For years, I have told myself that things “out of place”, give me anxiety and I don’t correct it. I try not to modulate this expectation and just surrender. In this constantly changing and chaotic world, I organize, whatever I can organize.
This morning though, after sharing that magnificent ocean sunrise with Shania, I look at that sand and encourage my mind to think a little differently; I ask myself how often, and how many people get to do what I do? How often do they soothe their souls with the lapping of waves on their feet. How often do they get to sip their favorite latte, while listening to their favorite tunes, with someone they love! Today is a special day in my life.
I need to let the sand linger on my feet, for as long as I can.
When tomorrow that hard pair of dress shoes pick up some of that sand, its actually a good thing! It’s a reminder of a softer time in my life, when there was a perfect moment of alignment.
I saw a quote this morning that made me think: “Look around you, and enjoy, be grateful; in a year, everything will be different.”
As I look back a year, with or without the help of social media, so many things have changed, for me. Especially, in the lives of my children. But also, in my own life.
Last Spring, I was a pensive from the roller-coaster feeling from my constantly changing role at work; I was also in pendulum motion, from my home that I love, in Florida, to the cold of Boston. I had a feeling that this Boston chapter of my life, has to come to a close soon. And, by Fall, my role ended; allowing me to seek what I have wanted all along.
This Spring, I am ready to move to Florida, permanently.
Some things have become more certain, and other, more dispensable things, people or feelings, have dissipated. There is no lingering nostalgia about losing these feelings, which didn’t serve me.
My children have made tremendous strides in a year.
After a re-defining 2018, Daiyaan graduated college in 2018 and found her professional footing, bought her “dream” Jeep (that she has named Natasha, after the singer Natasha Bedingfeld) and now wants to buy her first home this Summer/Fall. She is starting to put down her own roots, in a place she loves. She has chosen a healthy lifestyle of balance. She took her first ever solo trip, and conquered Puerto Rico; she has grown up.
Last Spring, Shania, competed to become her Middle School Vice President and won! She has switched from softball to golf and today, loves basketball as her main school sports; instead of acting in plays, now she is co-directing, for the second year, a school play! She was accepted to attend the prestigious Dana Hall school in Wellesley, MA, but instead, is heading to be with family and joining the pre-law program at her new choice school in Florida.

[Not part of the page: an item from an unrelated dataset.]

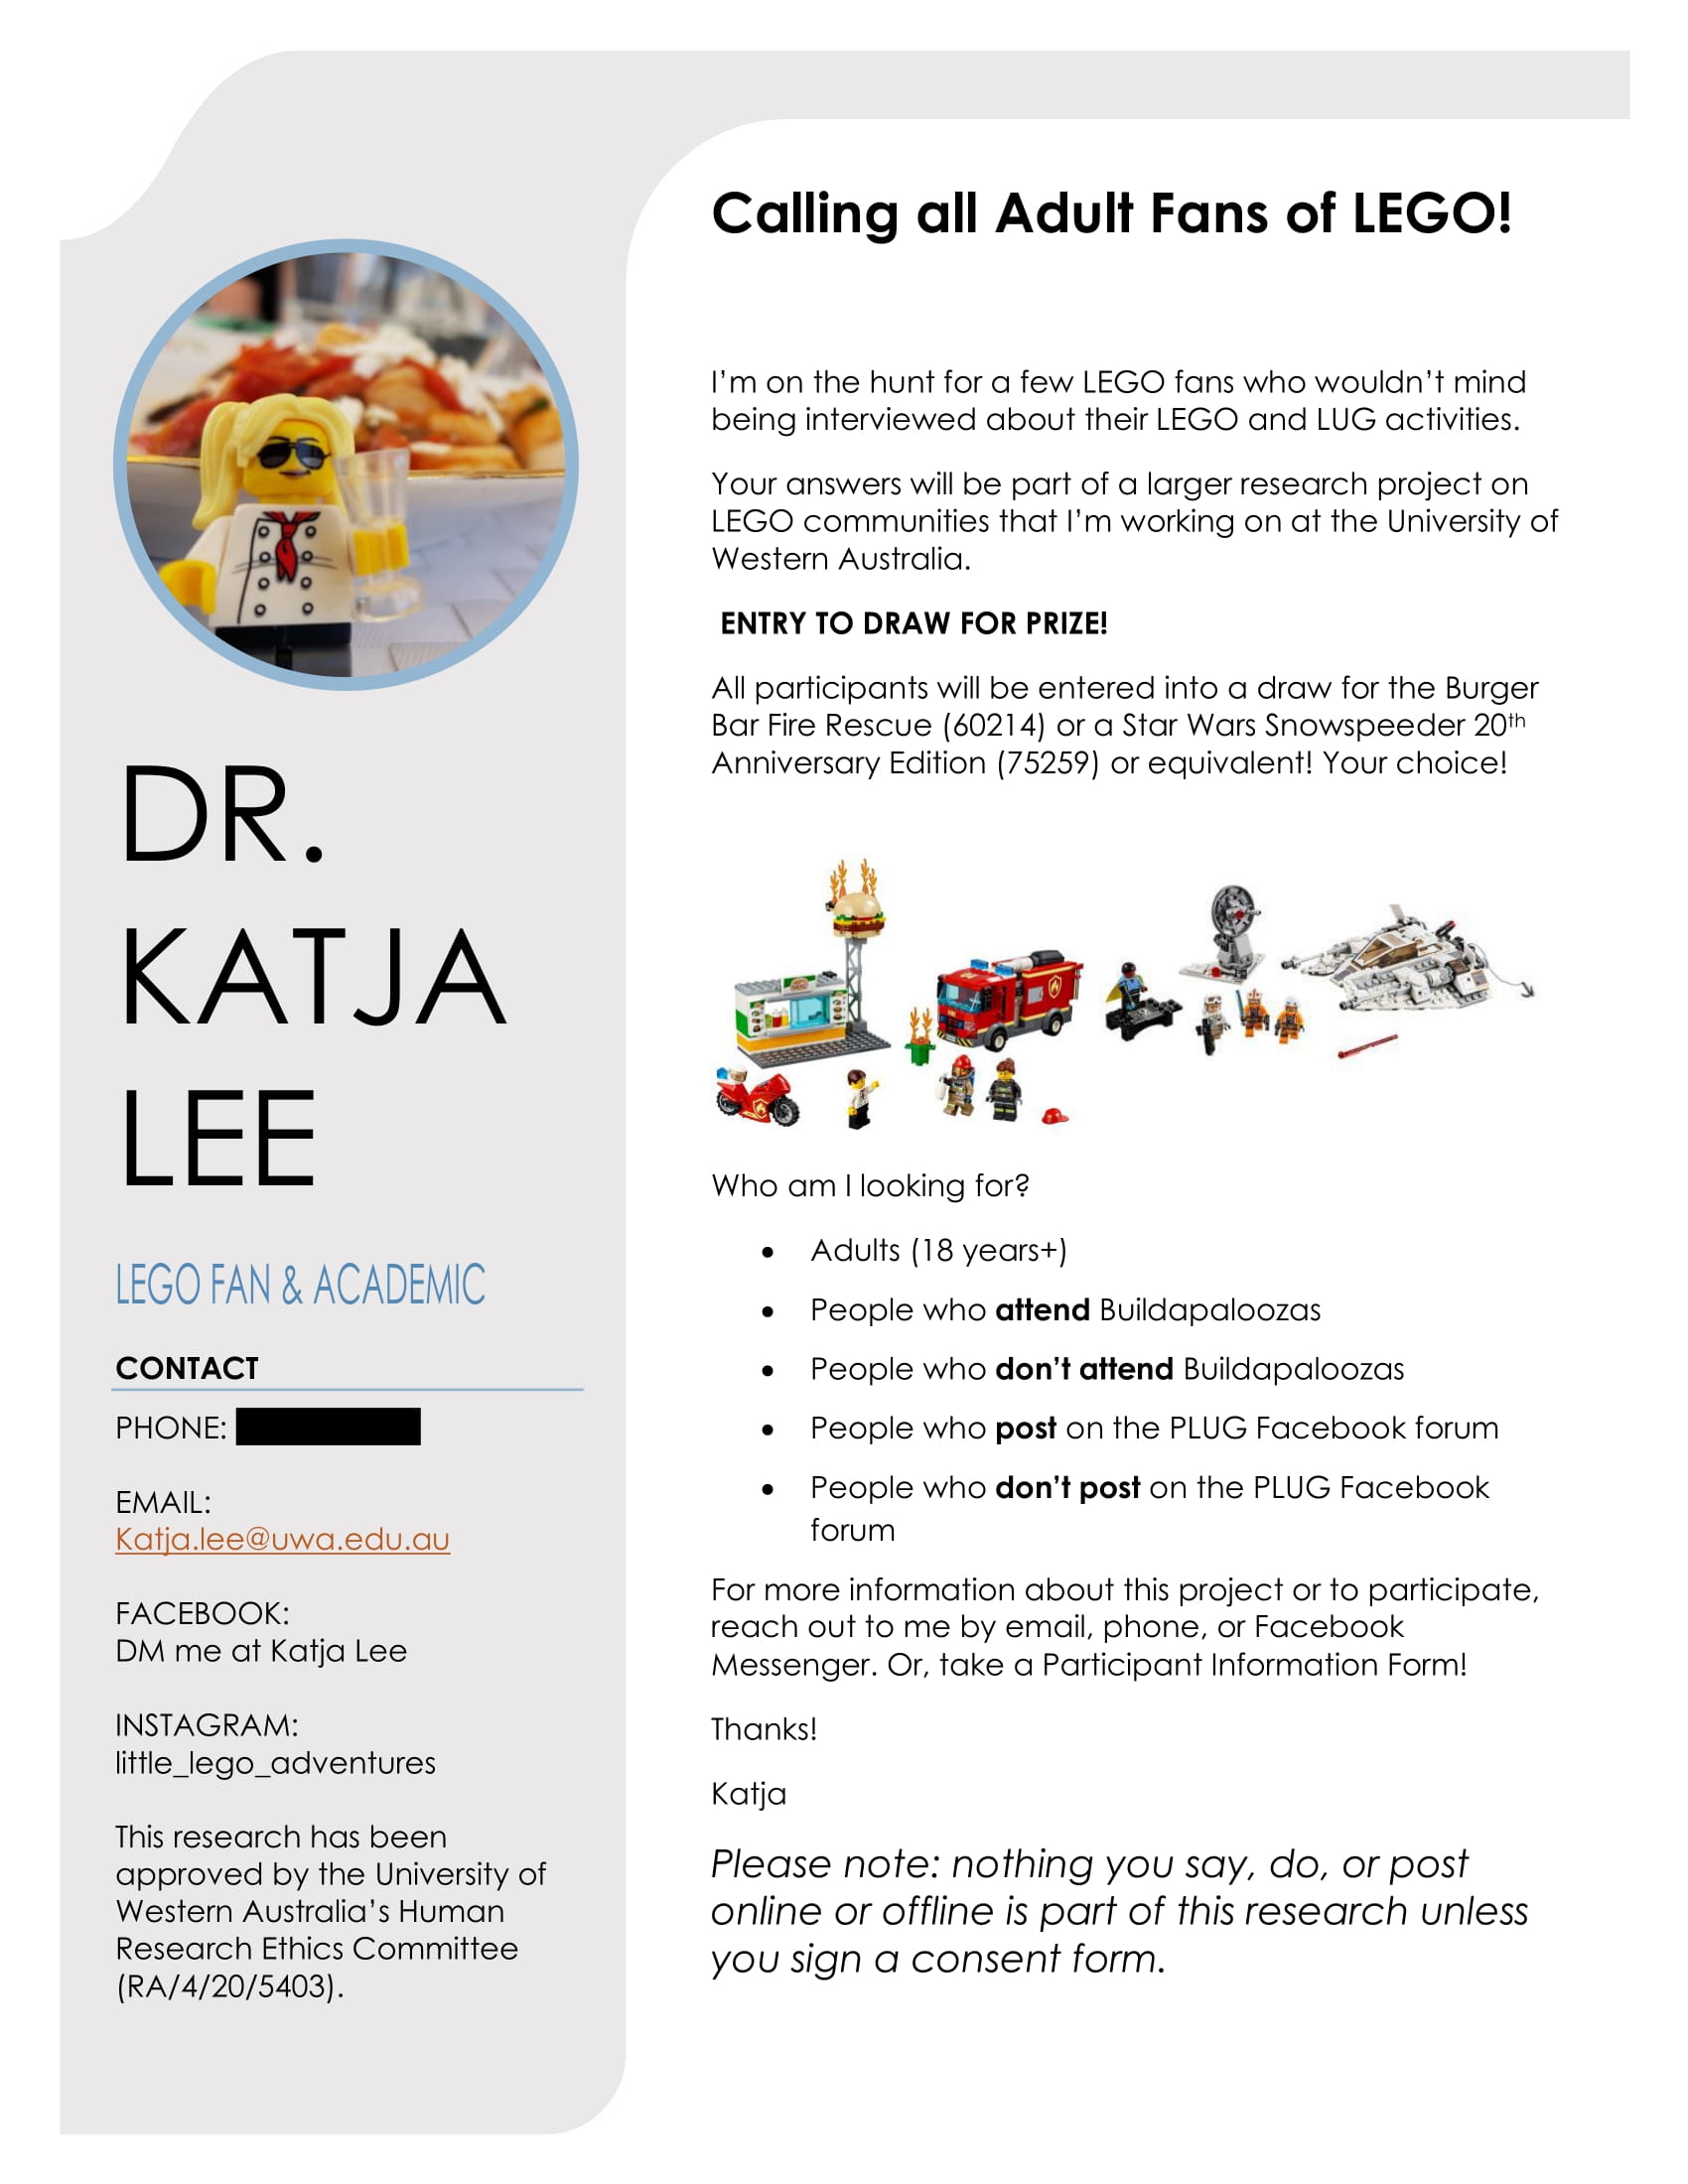 Recruitment poster soliciting participants for study. The poster is headlined: Calling all Adult Fans of LEGO! and in the top left corner in a circle is a Lego minifigure with a ponytail holding a wine glass, representing Dr. Katja Lee.

As their lives unfold, and I see these two beautiful women take their next steps, I enjoy listening to their musings, and life interactions. The new friends they make, and the relationships those fray over time. I tell them my stories, from that particular time in my life that maybe relevant to their experience.
Even though I was raised as a teenager in a different continent, in a completely different era, with no electronic gadgets, or Google, to help answer my questions, the struggles of all awkward teenagers, or young people defining their dreams, are still the same.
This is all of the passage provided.